Texto: Dívidas, Relações e Poder
(Rafael Pires)
DÍVIDAS, RELAÇÕES, PODER
A tarefa do antropólogo social no campo não é só observar os pormenores do comportamento habitual, mas analisar como é que este comportamento serve para exprimir relações.
Na linguagem da antropologia social dificilmente se faz a distinção entre o termo pessoa e o termo indivíduo. A maior parte das atividades do indivíduo deriva dos deveres e obrigações recíprocas que lhe são atribuídas em virtude dos papéis que desempenham como pessoa social.
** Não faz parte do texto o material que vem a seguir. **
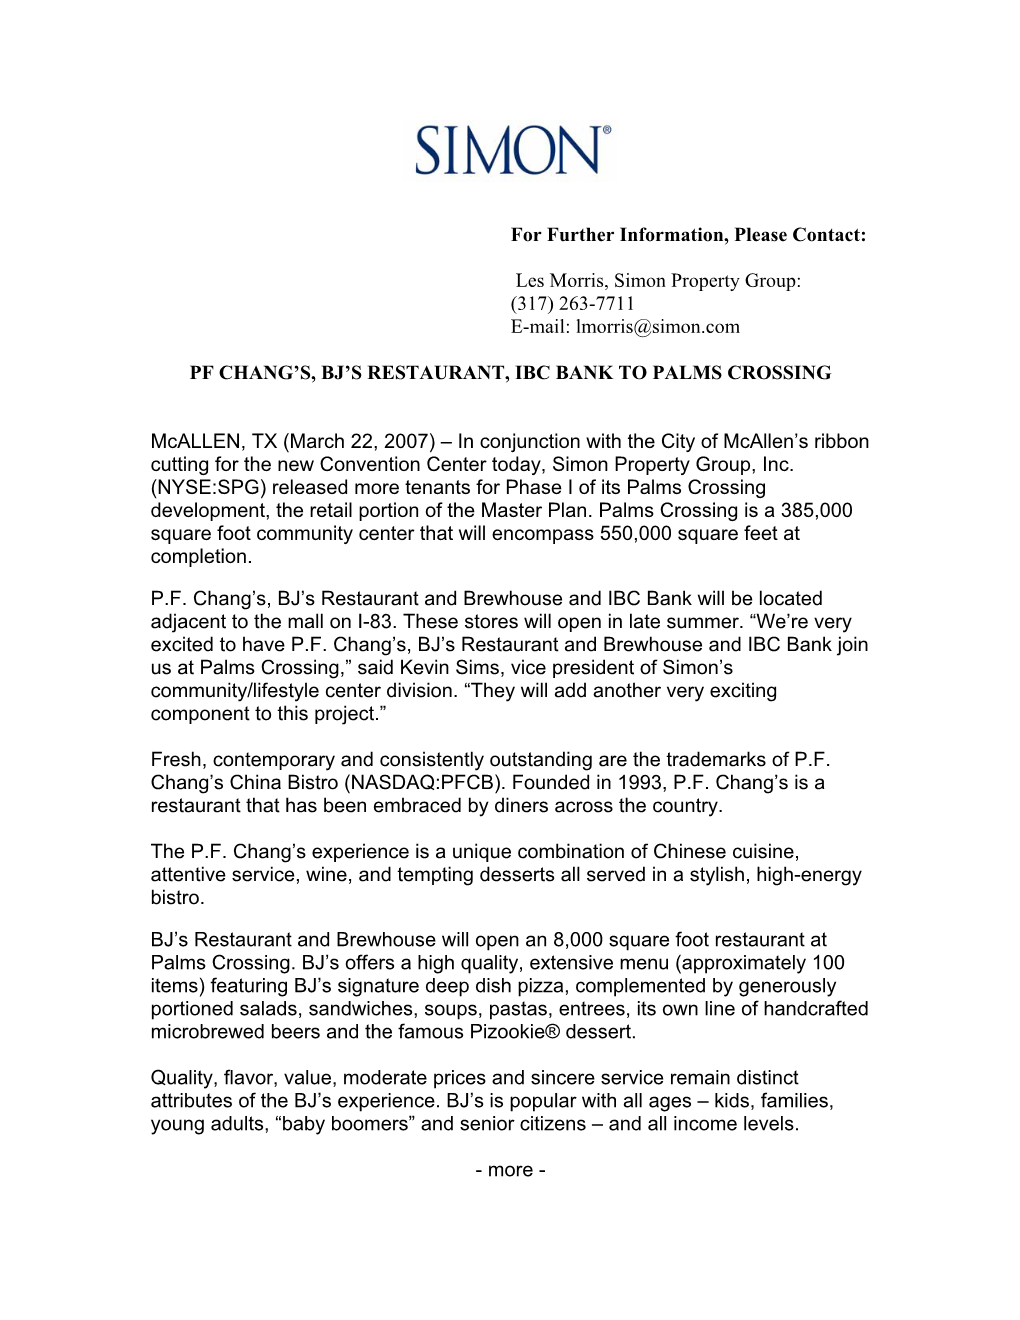 Les Morris, Simon Property Group: (317) 263-7711 E-Mail: Lmorris@Simon.Com

A definição da rede das relações pessoa a pessoa refere-se ao conjunto de direitos e deveres que têm expressão em padrões mais ou menos previsíveis de comportamento.
Todas as relações pessoa a pessoa implicam reciprocidade, e sendo assim, este comportamento interativo, pode ter muitas formas; em alguns casos, essa reciprocidade dá-se ao mesmo nível, mas a maioria das trocas entre as pessoas não é deste tipo, pois a maioria das pessoas abrangidas numa rede de relacionamento é quase sempre de extratos sociais diferentes. Não conseguir o princípio geral que está por trás de fatos tão simples e comuns como estes, levaram muitas vezes os antropólogos a escreverem uma grande quantidade de disparates, como o campo das relações do parentesco.
Sempre que o pagamento da dádiva retribuída é adiado, a relação entre credor e o devedor prolonga-se no tempo. Mas isso só acontece se a dívida continua a ser lembrada com uma obrigação não exigida por ambas as partes da relação. Isso acontece muito nas relações domésticas e dentro do ambiente familiar. As relações duradouras só existem como sentimentos de dívida. De vez em quando, todas estas relações duradouras de dívidas precisam de se manifestar com a transação de uma dádiva, mas a relação está no sentido da dívida e não da dádiva.
Os relacionamentos dentro de uma sociedade consistem em reconhecer que os indivíduos que desempenham determinados papéis sociais têm direitos e deveres em relação a indivíduos que desempenham outros papéis sociais.
As estruturas das relações sociais são, não só estruturas de dívidas, mas também estruturas de poder. O antropólogo social, preocupa-se principalmente com o poder como aspecto da relação entre duas pessoas sociais numa hierarquia; mas para nós, o conceito de poder tem uma conotação física e também metafísica; se uma relação “pessoa a pessoa” está carregada de grande energia do dominador para o dominado, a ligação entre as duas partes poderá rebentar com violência.
Todas as relações sociais implicam um estado de endividamento, assim como todos os estados de endividamento implicam uma relação social.
Uma das características que distinguem a sociedade industrial moderna da pré-industrial é que na primeira há uma larga circulação de dinheiro, onde dinheiro significa um instrumento geral de troca e unidade de conta, que tanto serve para recompensar serviços prestados como funciona como meio de adquirir mercadorias. Por contraste, nas sociedades pré-industriais há uma grande variedade de meios e troca que circulam em esferas sociais diferentes, mas que não são permutáveis de forma direta.
É fácil de ver que quanto maior for o intervalo entre o pagamento dos salários, maior será o período durante o qual a firma está em dívida para com o seu empregado, e conseqüentemente, maior será a garantia de que o empregado não se vai embora. Trata-se da ligação geral entre endividamento e relacionamento.
Nas sociedades pré-industriais, acontece frequentemente que o indivíduo trata todos os estranhos como se fossem de alguma forma parentes. Em tais sistemas, o trabalho remunerado por salários em dinheiro tem menos valor do que o trabalho recompensado diretamente com trabalho recíproco em espécie ou com pagamento, muitas vezes depois de uma demora considerável, por meio de dádivas não monetárias, ou por meio de hospitalidade e oferta de alimentação.
No nosso sistema moderno ocidental, a oposição entre interno/externo, nós/eles, corresponde grosseiramente à distinção entre modos de referência do parentesco e do não parentesco. Nos sistemas mais elementares, parentesco, de uma maneira geral, engloba tudo, mas há também uma discriminação entre os que estão dentro e os que estão fora, entre “nós” e “eles”.
Os parentes por afinidade só permanecem amigos enquanto estiverem ligados pelas afinidades: estão unidos mais por aliança política do que por sangue comum e, se as partes referidas quiserem manter essa aliança, devem reafirmar repetidamente essa aliança, fazendo as trocas apropriadas de valores duradouros de tipo visível e identificável.
Marx argumenta que o pagamento de salários no sistema capitalista tem o efeito de alienar o trabalhador dos produtos do seu trabalho, e reduz ambos ao estudo de mercadorias no mercado local.